**PROVIDED DATA:**
= Beginning of Section =

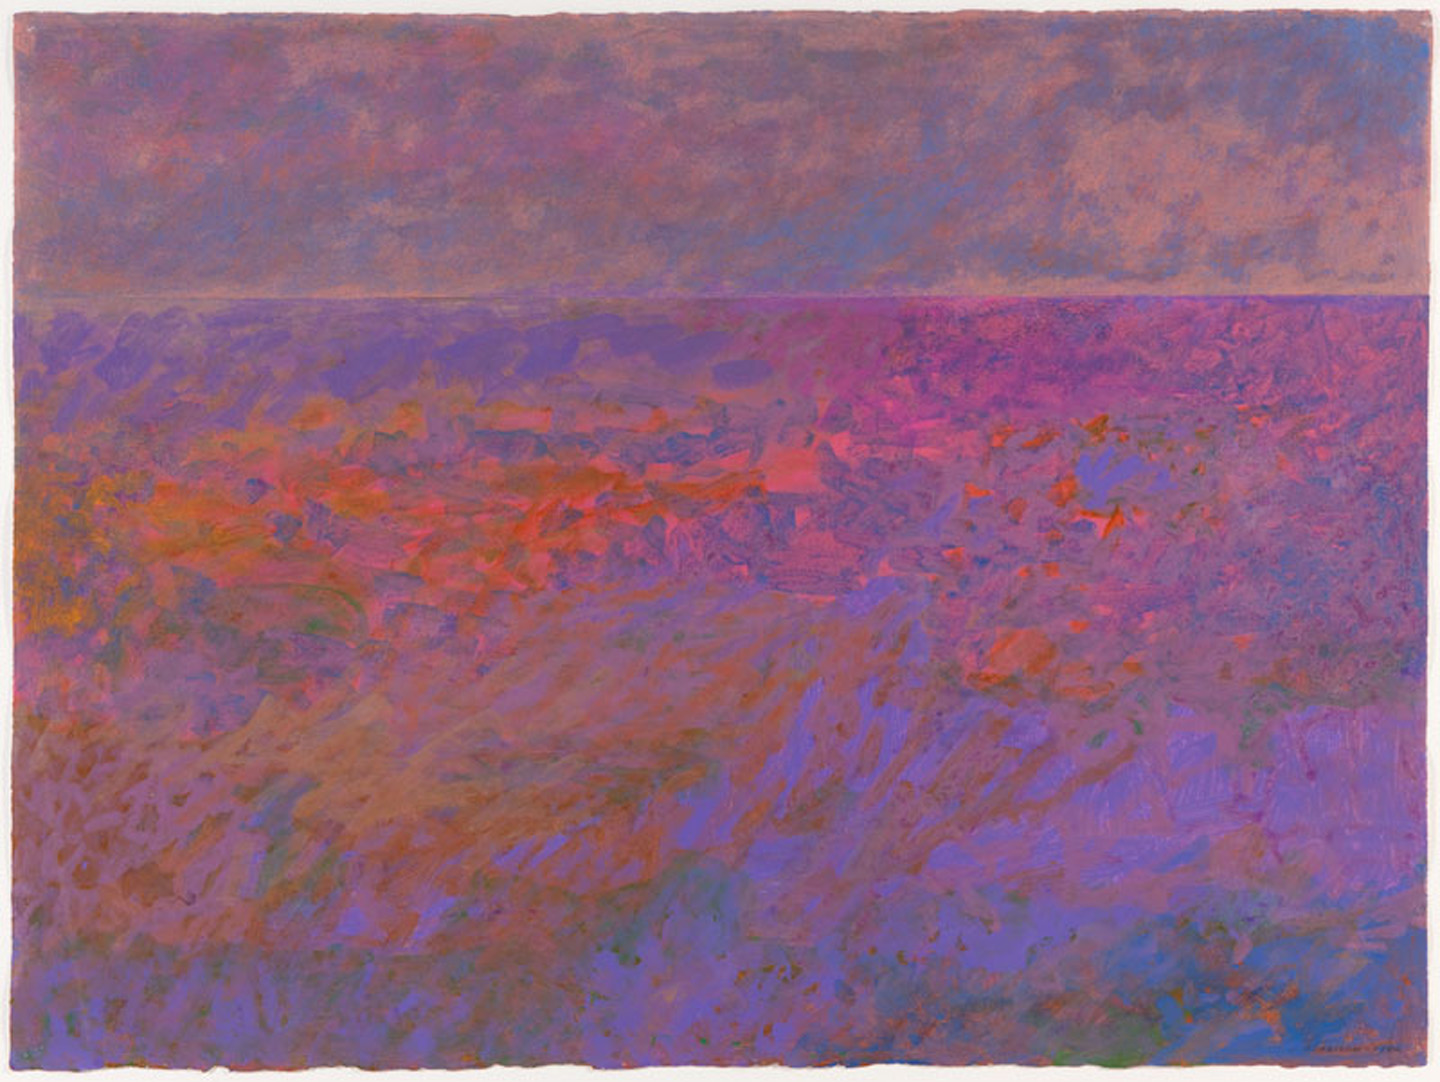 Lavender Wind, The Beyond, Red Rock Variation: Lake Superior Landscape, 1990
acrylic and pastel on paper
22.4 x 30 inches
Collection Minnesota Museum of American Art

= End of Section =

**WORK REQUEST:** Reproduce the listing from the "22.4 x 30 inches" line onward, verbatim.

**OUTPUT BELOW:**
22.4 x 30 inches
Collection Minnesota Museum of American Art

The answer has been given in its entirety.